Refactor ClearML Data docs (#108)

2025-06-26 18:17:44 +00:00 · 2021-11-08 13:21:44 +02:00
parent 43751dc64b
commit e155c49cfd
17 changed files with 847 additions and 683 deletions
--- a/docs/getting_started/mlops/mlops_best_practices.md
+++ b/docs/getting_started/mlops/mlops_best_practices.md
@@ -29,9 +29,9 @@ Once we have a Task in ClearML, we can clone and edit its definitions in the UI,
 - Once there are two or more experiments that run after another, group them together into a [pipeline](../../fundamentals/pipelines.md).

 ## Manage Your Data
-Use [ClearML Data](../../clearml_data.md) to version your data, then link it to running experiments for easy reproduction.
-Make datasets machine agnostic (i.e. store original dataset in a shared storage location, e.g. shared-folder/S3/Gs/Azure).
-ClearML Data supports efficient Dataset storage and caching, differentiable & compressed.
+Use [ClearML Data](../../clearml_data/clearml_data.md) to version your data, then link it to running experiments for easy reproduction.
+Make datasets machine agnostic (i.e. store original dataset in a shared storage location, e.g. shared-folder/S3/Gs/Azure)
+ClearML Data supports efficient Dataset storage and caching, differentiable & compressed

 ## Scale Your Work
 Use [ClearML Agent](../../clearml_agent.md) to scale work.
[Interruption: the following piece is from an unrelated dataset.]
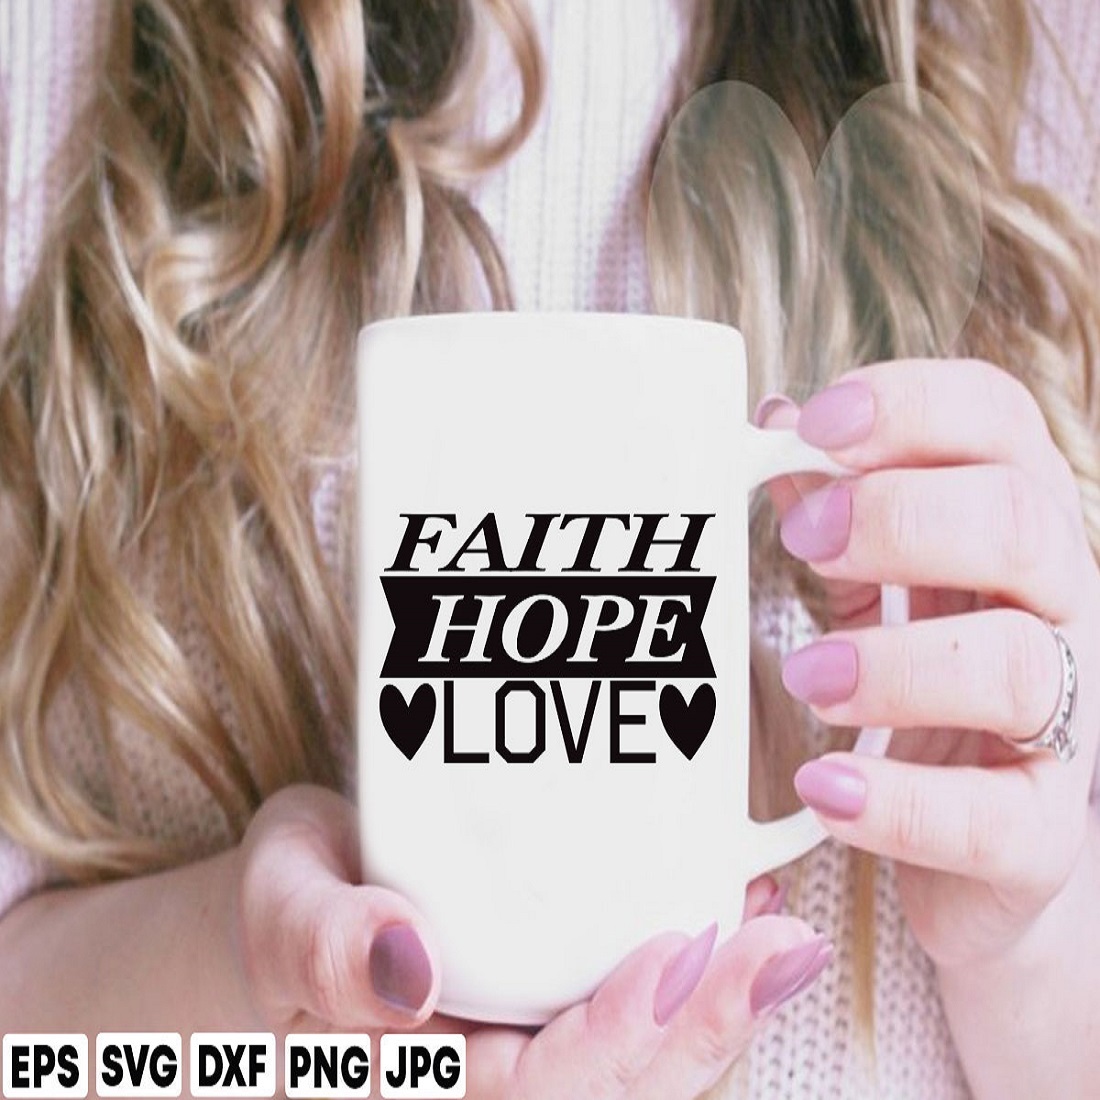 Faith Hope Love cover image.

Install the agent machines (Remote or local) and manage
--- a/docs/getting_started/mlops/mlops_first_steps.md
+++ b/docs/getting_started/mlops/mlops_first_steps.md
@@ -87,7 +87,7 @@ Task.enqueue(cloned_task, queue_name='default')
 ## Logging Artifacts
 Artifacts are a great way to pass and reuse data between Tasks in the system.
 From anywhere in the code you can upload [multiple](../../fundamentals/artifacts.md#logging-artifacts) types of data, object and files.
-Artifacts are the base of ClearML's [Data Management](../../clearml_data.md) solution and as a way to communicate complex objects between different
+Artifacts are the base of ClearML's [Data Management](../../clearml_data/clearml_data.md) solution and as a way to communicate complex objects between different
 stages of a [pipeline](../../fundamentals/pipelines.md).

 ```python
@@ -139,7 +139,7 @@ You can also search and query Tasks in the system.
 Use the `Task.get_tasks` call to retrieve Tasks objects and filter based on the specific values of the Task - status, parameters, metrics and more!
 ```python
 from clearml import Task
-tasks = Task.get_tasks(project_name='examples', task_name='partial_name_match', task_filter={'status': 'in_proress'})
+tasks = Task.get_tasks(project_name='examples', task_name='partial_name_match', task_filter={'status': 'in_progress'})
 ```

 ## Manage Your Data
@@ -147,7 +147,7 @@ Data is probably one of the biggest factors that determines the success of a pro
 Associating the data a model used to the model's configuration, code and results (such as accuracy) is key to deducing meaningful insights into how
 models behave. 

-[ClearML Data](../../clearml_data.md) allows you to version your data so it's never lost, fetch it from every machine with minimal code changes, 
+[ClearML Data](../../clearml_data/clearml_data.md) allows you to version your data so it's never lost, fetch it from every machine with minimal code changes, 
 and associate data to experiment results.

 Logging data can be done via command line, or via code. If any preprocessing code is involved, ClearML logs it as well! Once data is logged, it can be used by other experiments.